▶ **The data**
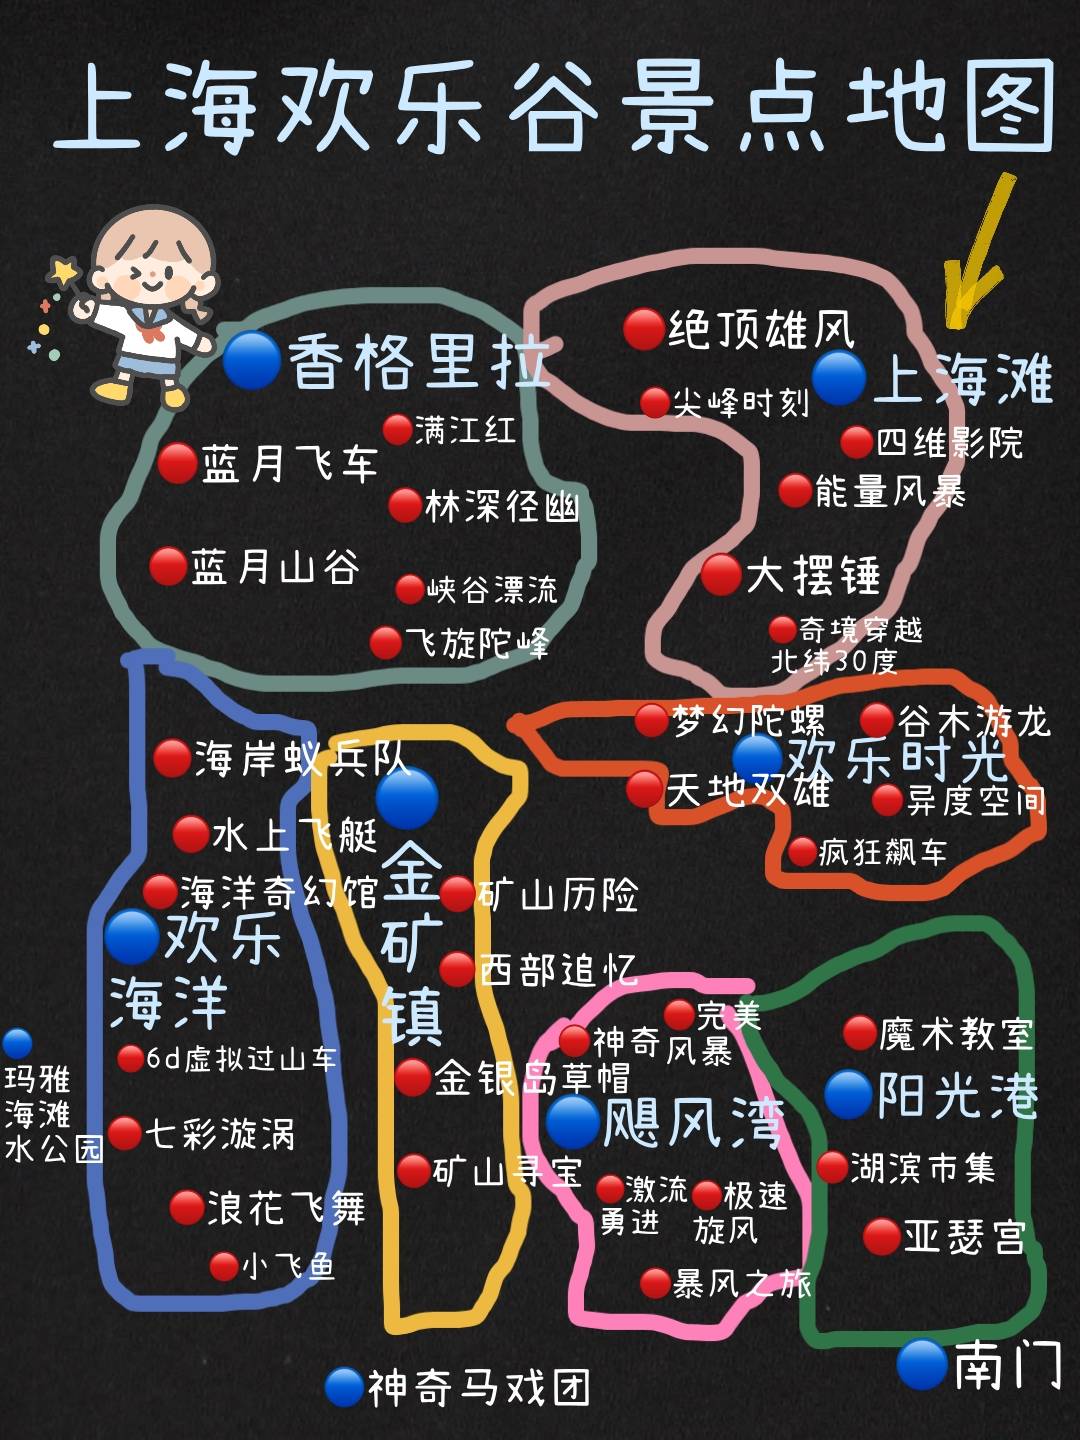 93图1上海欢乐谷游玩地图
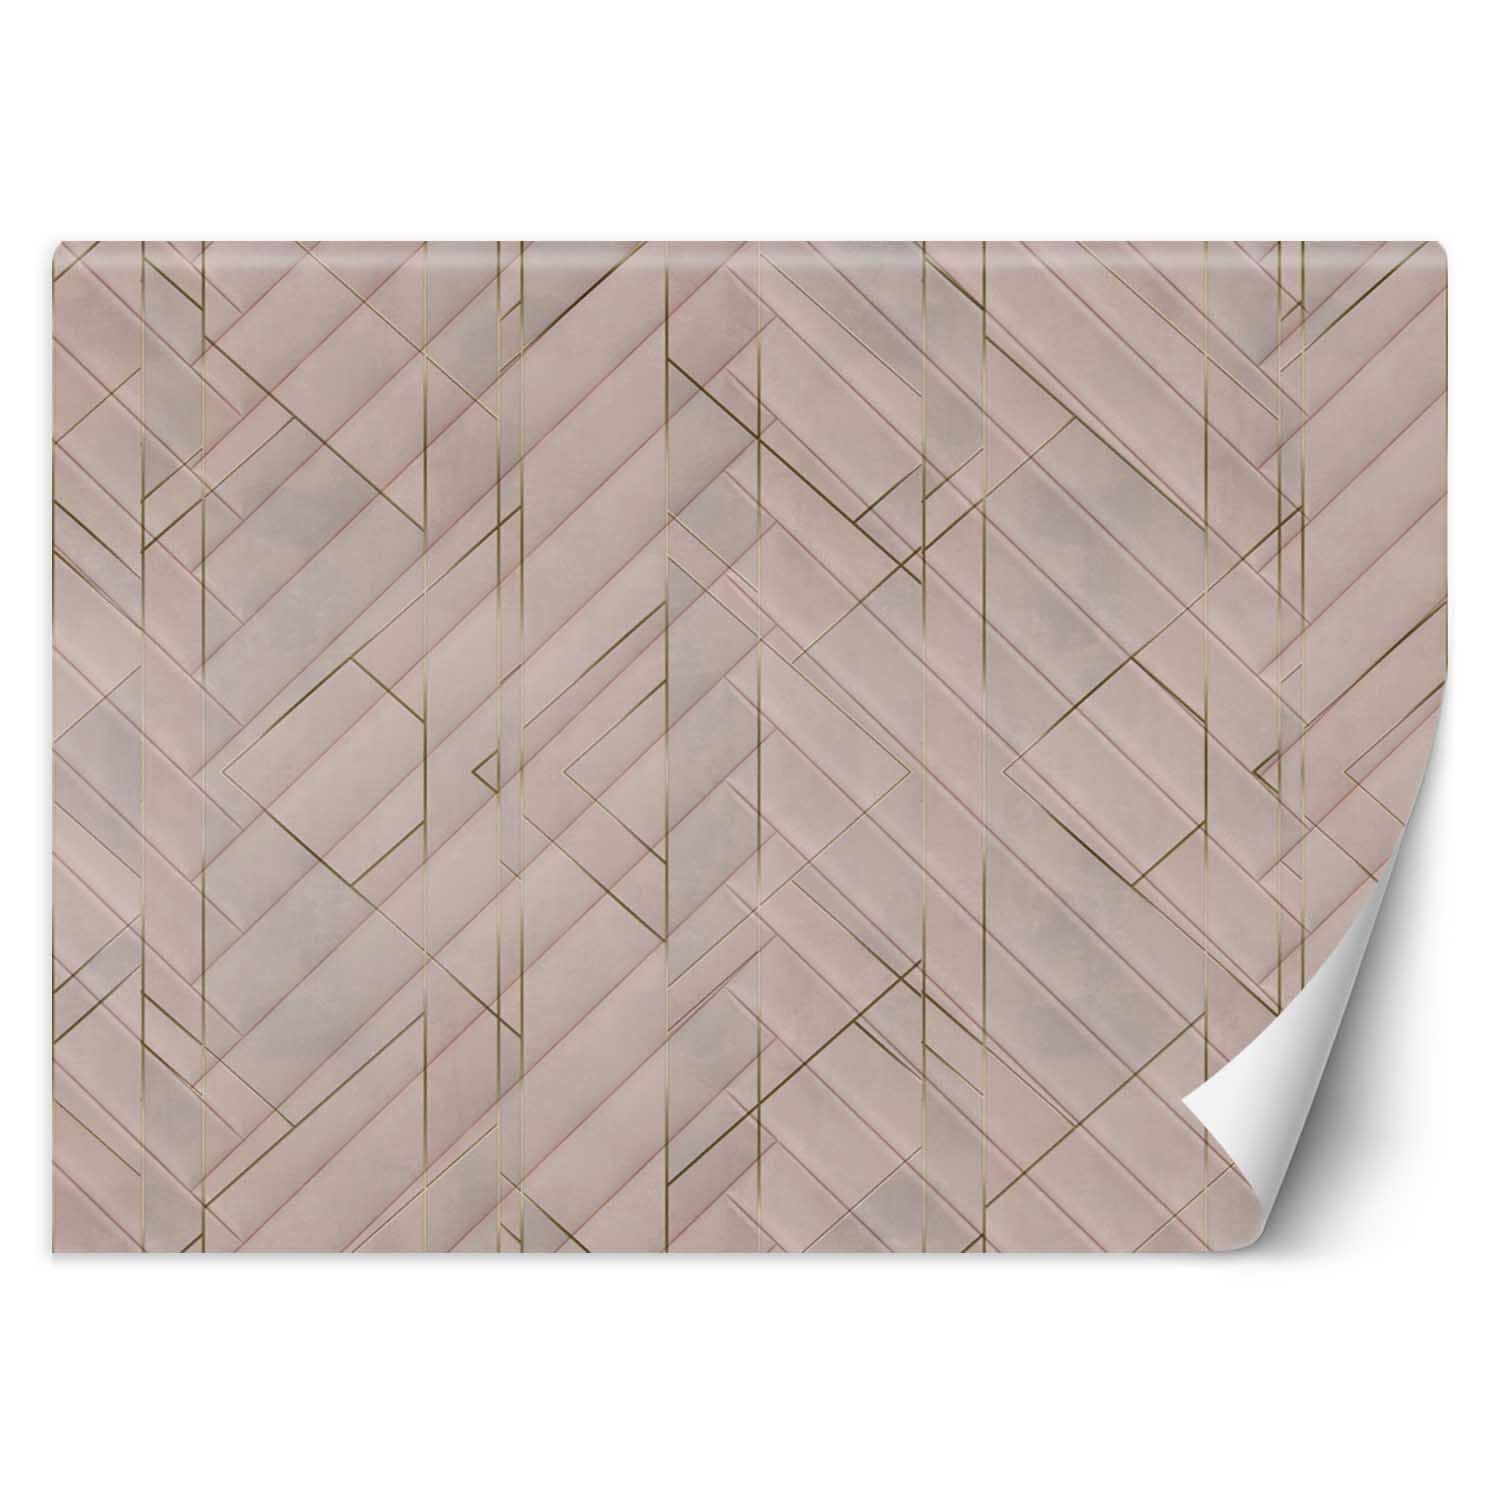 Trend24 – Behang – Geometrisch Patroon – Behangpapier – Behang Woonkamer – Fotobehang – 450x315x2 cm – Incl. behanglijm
---
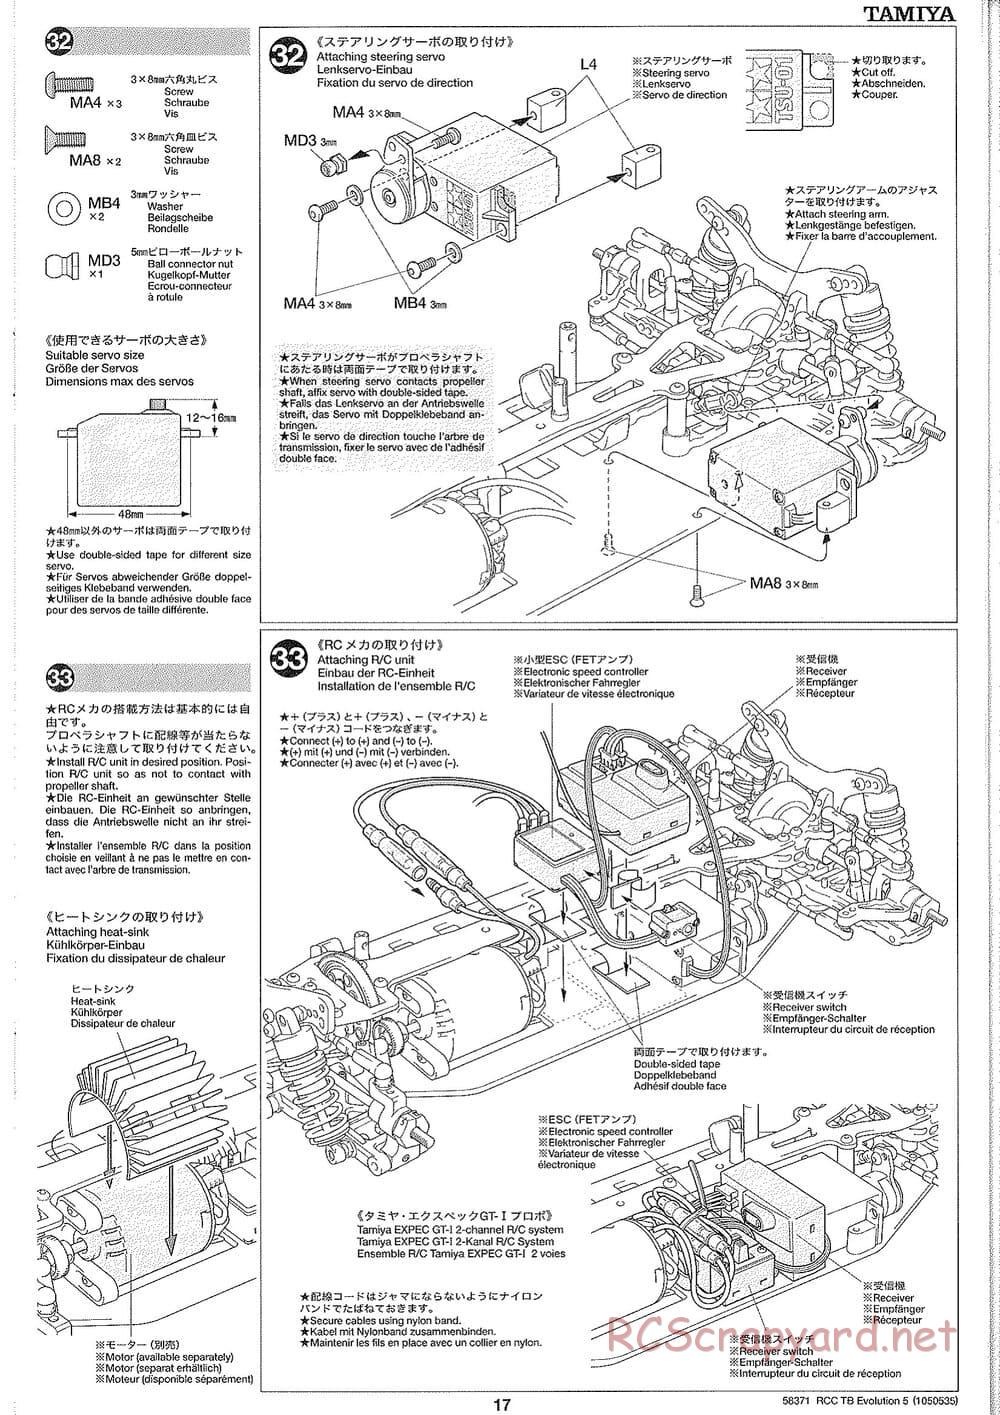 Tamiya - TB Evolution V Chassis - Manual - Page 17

▶ **What is being asked**
Repeat exactly the lines above, beginning at the one containing "93图1上海欢乐谷游玩地图" and ending at the one containing "Trend24 – Behang". Do not carry over any pictures.

▶ **Response box**
 93图1上海欢乐谷游玩地图
 Trend24 – Behang – Geometrisch Patroon – Behangpapier – Behang Woonkamer – Fotobehang – 450x315x2 cm – Incl. behanglijm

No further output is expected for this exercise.